Saturday, July 23, 2011

Who Says You Can't Go Home Again?

I drive back to North Georgia after a day in the Alabama sun.  It was 95 when I left Montgomery, Alabama. I had lunch with a group of wonderful girls from high school and once again remember how lucky I am to have grown up in a different time. Our problems of pimples and boys and grades were nothing compared to what we see now in life.  Usually when I top the hill on Hwy 575 in Canton, Georgia, I see the mountains and I feel a sense of home. Tonight though nothing seemed to make me at ease. I am lonely beyond belief. Maybe its the fear of my empty house or maybe its that my grand puppies are gone. No one is waiting for me.

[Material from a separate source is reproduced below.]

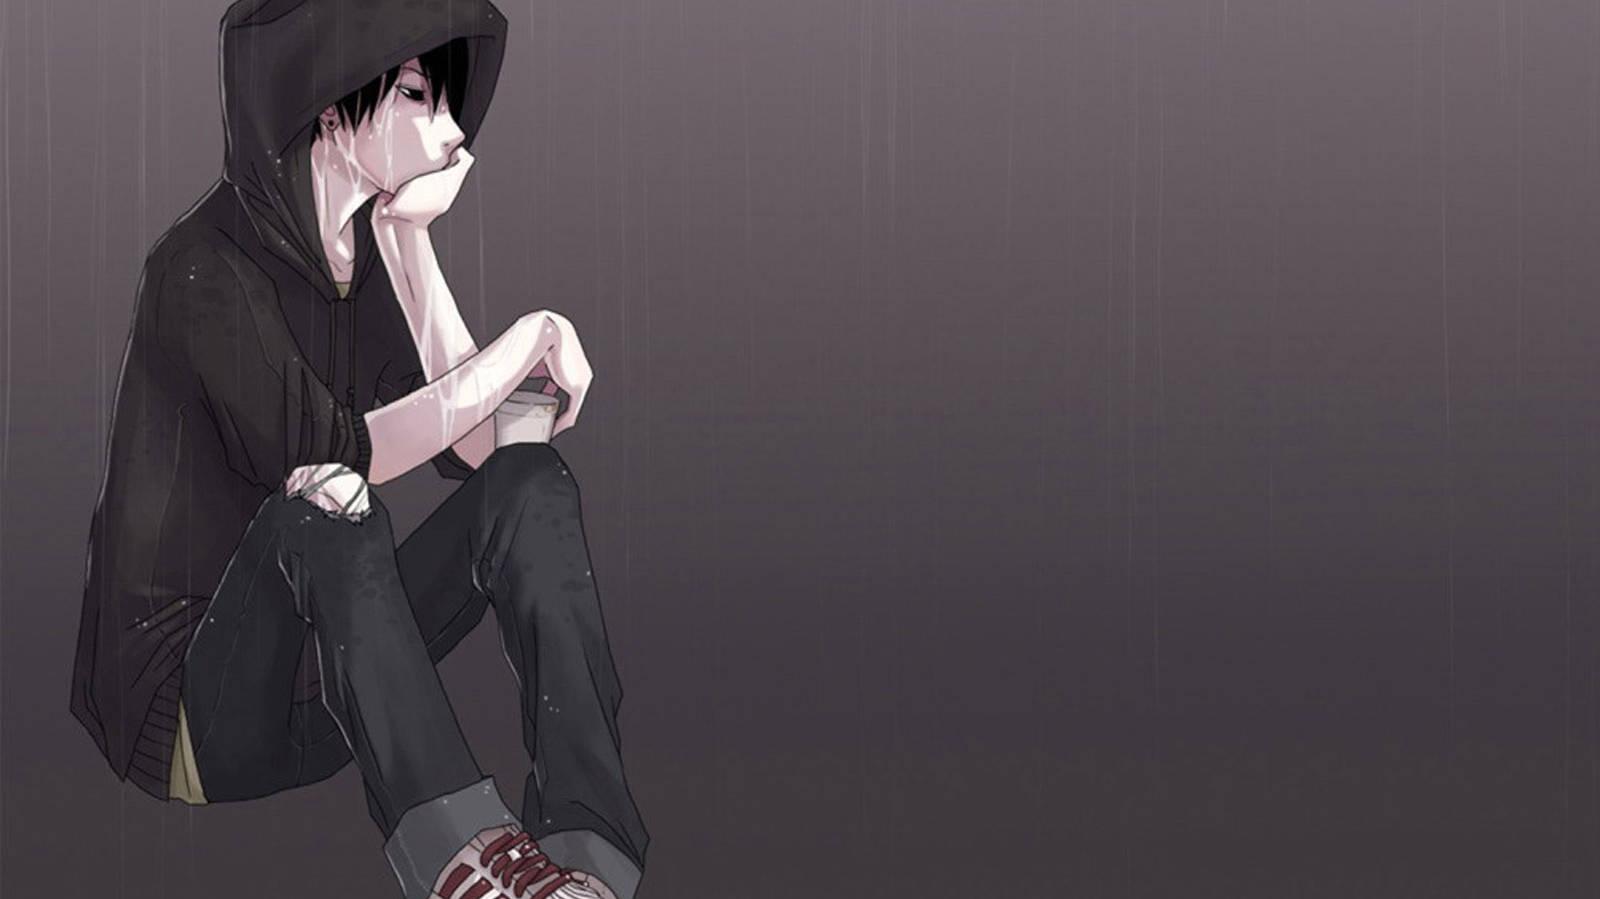  Sad Boy Anime Wallpapers

Don't misunderstand, I love my home.  I believe it was Thomas Merton that said "you can't be neurotic in front of a bunch of trees".  My home is a bunch of trees, against a mountain with a lake and wildlife abundant. I believe it is the beauty of North Georgia that has spared my sanity during the recent "unpleasantness" and the two years now of "aftermath". The deer and bear and small animals I see know more of life and death than I do.  They were made first by God and have know this world longer than any man.They seem closer to the source of all knowledge and they have helped to give me a sense of wholeness.  They were my first friends in small town where before I had none. They have served as my guide to finding some peace when I could have easily found only distress. And I will be glad to see them and to water my garden and sprinkle some seeds for the birds.  But I will do it alone.  I have good friends now in Georgia and I do something of value in my volunteer job. There is though nothing that takes the place of human contact.   A kind word, a hug, a call to say hello.  On my trip back from Alabama, I have called a handful of people just to keep that comfort of home alive.  But as the sun sets in the distance and I turn into my drive I notice the temperature is down to 86; but for a moment, I think I will cry. I miss my life before. The life I used to have.  I miss my old friends.  I miss my family.  I know that God has brought me to a place of complete beauty and peace in order that I will rest and forget and remember.  For all I have lost I am grateful, for my old friends, my old home, my old life. But for all I have gained I am also thankful.  Thankful that I have had a change of life that will forever change my heart.   Isn't it wonderful to come home?